Performance of the BigDecimal/BigInteger multiply() method (and potential improvement)
In our overview of BigDecimal and BigInteger arithmetic
methods and their performance, we mentioned that the multiply() method scaled exponentially,
specifically that multiplying an n-digit number by a m-digit number took within the
order of nm time. It may have occurred to those who know a little about numerical algorithms
that in fact algorithms exist for multiplying numbers which scale better than this.
The standard JDK implementation of the BigInteger (and hence BigDecimal) multiply() method
uses the "naive" algorithm that effectively cycles through every combination of digits to multiply them
together: essentially the same method that you would use if working out a multiplication with pencil and paper.
A common, more efficient algorithm is one known as Karatsuba's method.
This method breaks the problem down into a number of small multiplications (plus extra shifts and additions),
and gains efficiency because it replaces every four multiplications with three. You may therefore be wondering
why the standard JDK implementation doesn't use such a method, or at what point it is actually
As I show below, it turns out that:
On average hardware, the naive implementation is faster
for numbers up to a few thousand digits in length.
The JDK implementers presumably took the view that
this was within a "typical" range. Beyond a few thousand digits, the more scalable
Karatsuba method overtakes the performance. So if you have a specific need to multiply
very large numbers quickly, you may be interested in implementing the Karatsuba algorithm
(or other related algorithms).
Figure 1: Timing of multiplication of two BigIntegers using the
standard "naive" JDK algorithm, an implementation of Karatsuba's
algorithm and a version of this algorithm that parallelises the
three multiplications in each iteration. Timings made on a
(4-core hyperthreading) Intel i7 machine in Hotspot version 1.7.0.

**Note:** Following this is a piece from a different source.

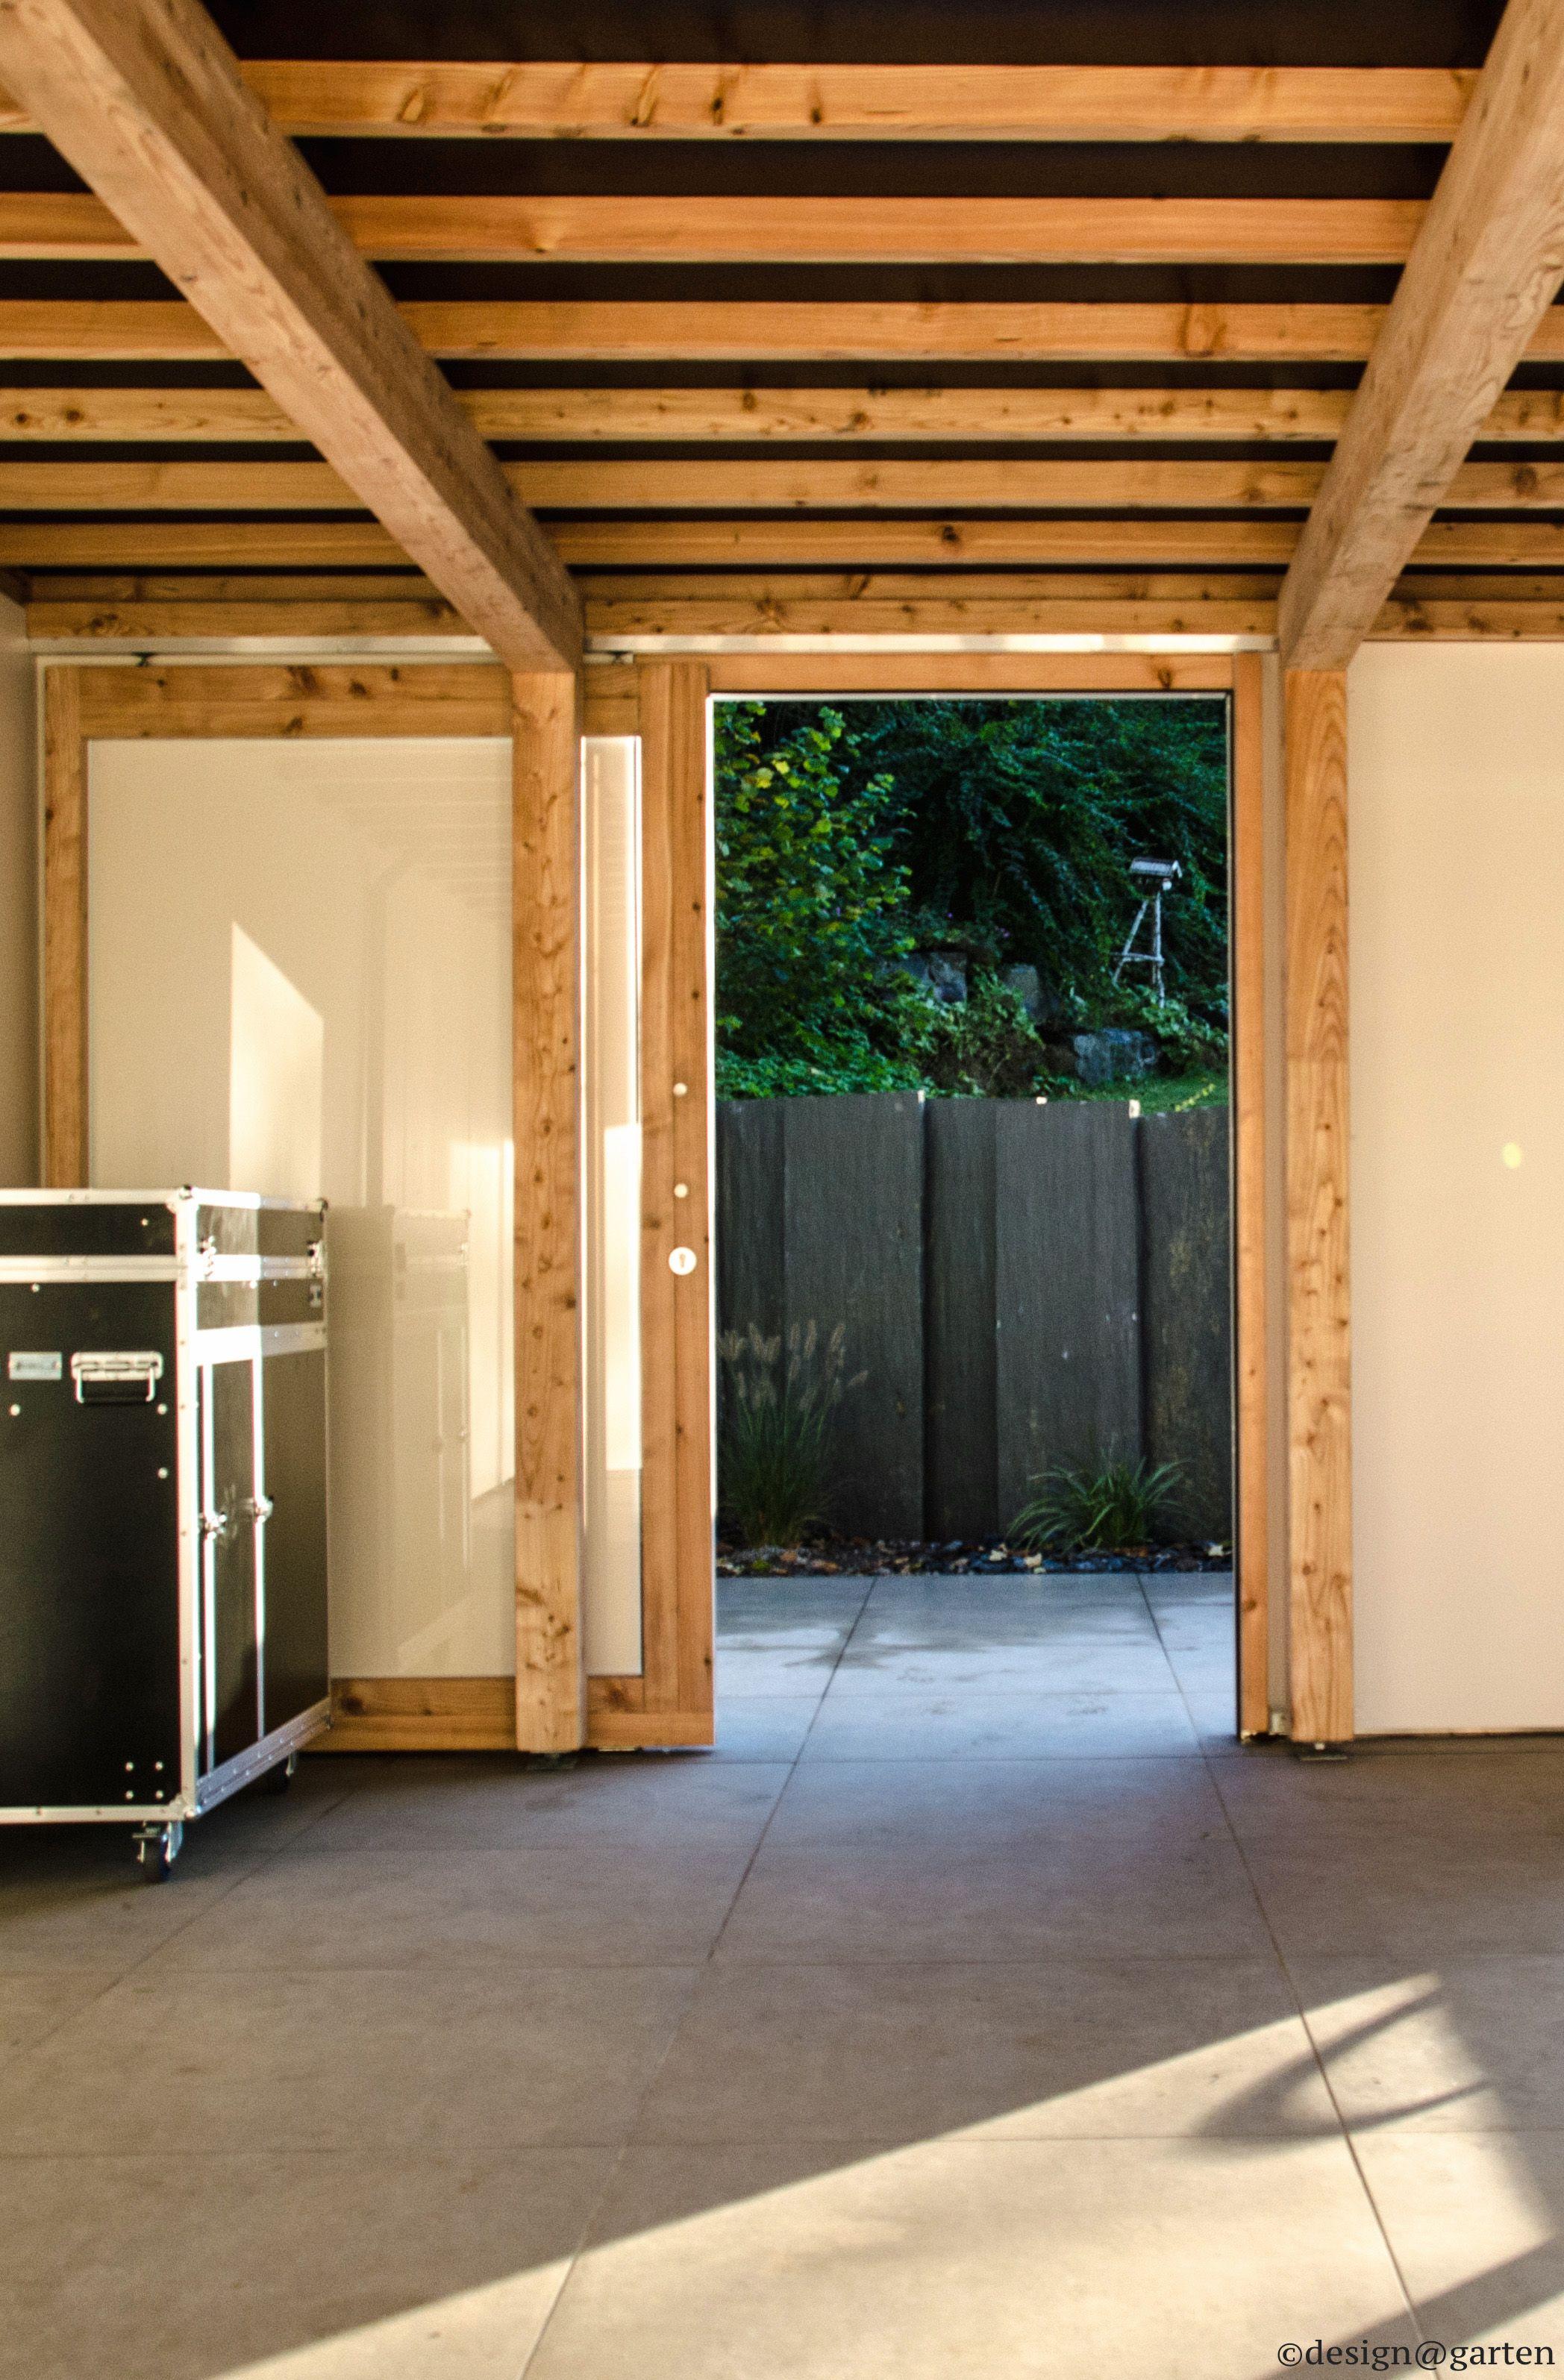 gartenhaus atgart_lounge Outdoorkueche garden shed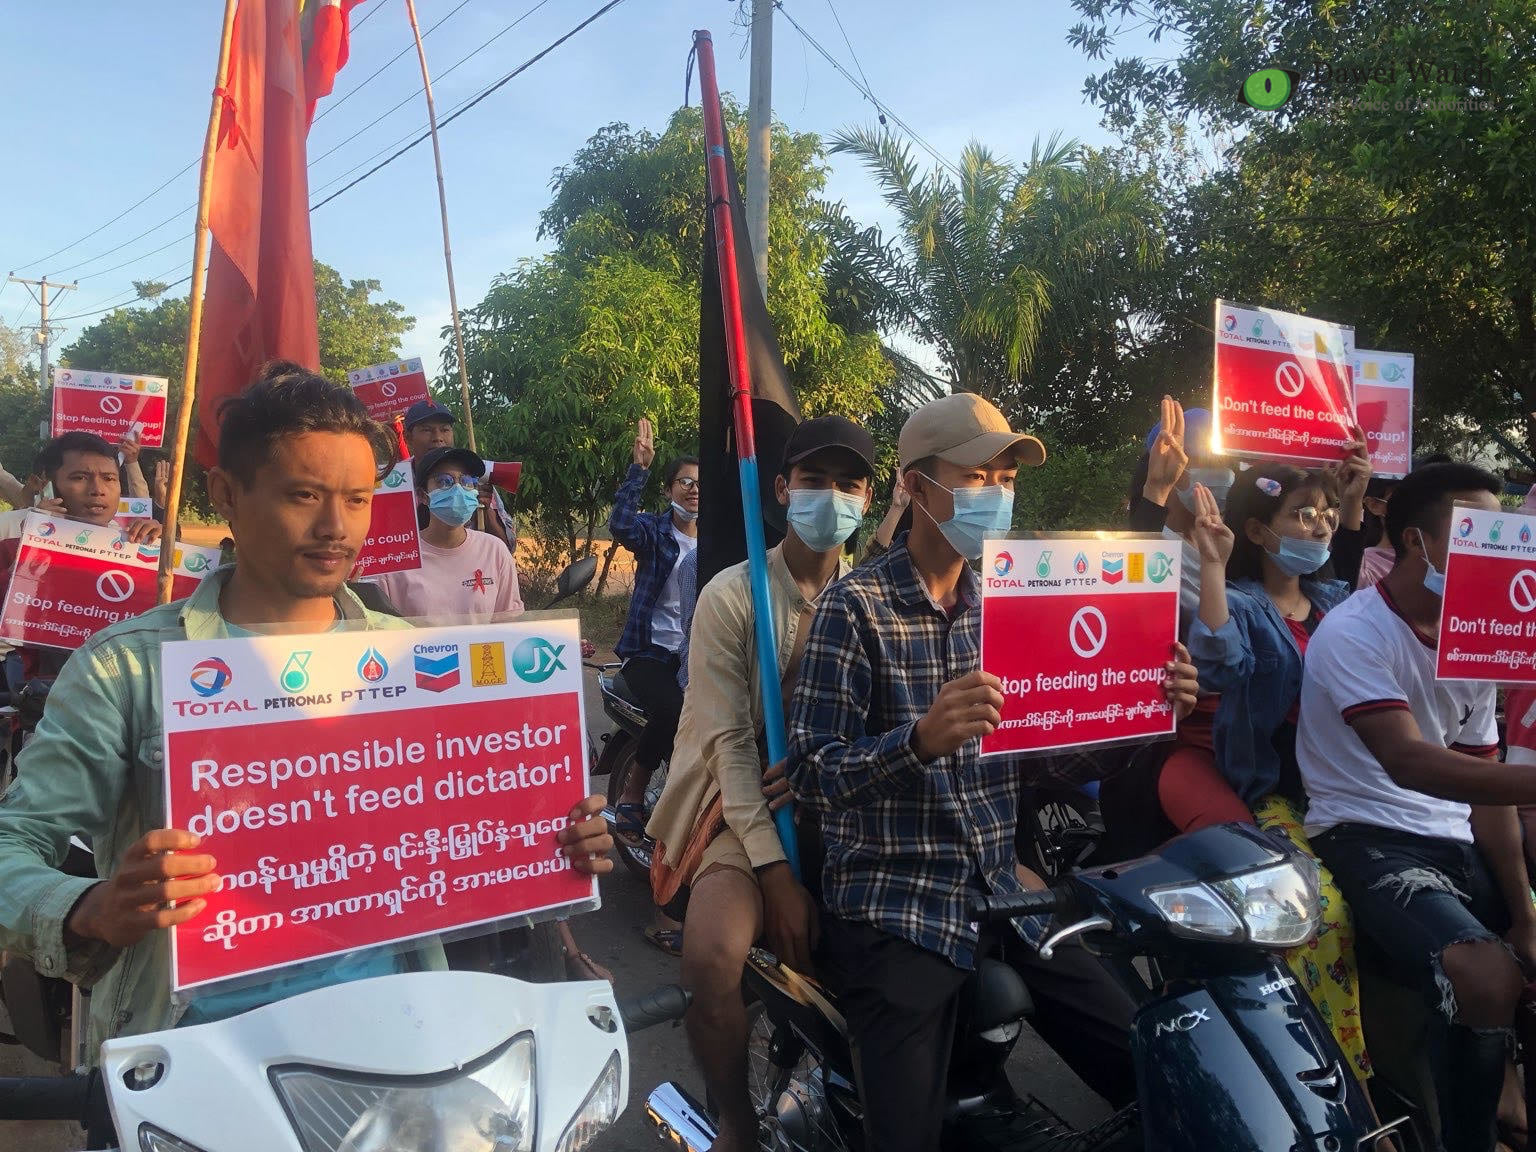 Parmi les manifestants birmans à Kanbauk le 12 février 2021, des salariés du programme économique et social que Total est si fier de financer dans la zone de son gazoduc. Ils réclament l'interruption des financements aux généraux auteurs du coup d'État du 1er février. Ils sont nombreux à participer au Mouvement de désobéissance civile (CDM), pourchassé par la junte. (Source : Compte Facebook de Dawei Watch)

Figure 1 above shows the performance of multiplication of pairs of n-digit
numbers using the standard JDK multiply() method, alongside timings with an
implementation of Karatsuba's algorithm. (Notice that the horizontal scale is
logarithmic: each graduation marks a doubling of the magnitude of the numbers.)
As can be seen, although Karatsuba's method is
more efficient in principle, in practice it only becomes beneficial when the numbers
being multiplied reach an order of around 3,000 digits. This happens because the
naive method, although inefficient in how it scales, has little overhead:
it consists essentially of a nested compact loop without method calls.
A challenge for modern programming is the trend for new performance innovations
of processors to involve increased parallelism rather than increased core speed.
A potential advantage of Karatsuba's algorithm it permits a simple means of parallelisation:
the three multiplications of each "round" can be run in parallel on separate cores.
I therefore also took timings for a simple parallelised implementation of Karatsuba's algorithm
Again, with numbers of small magnitude, the overhead of parallelisation clearly outweighs
any potential benefit. Only when the numbers reach a magnitude of around 6,000 digits does
the parallel algorithm show a benefit over the non-parallel Karatsuba implementation. With
this simplistic form parallelisation, the parallel version gave a tangible benefit,
although was only around twice as fast as the non-parallel version.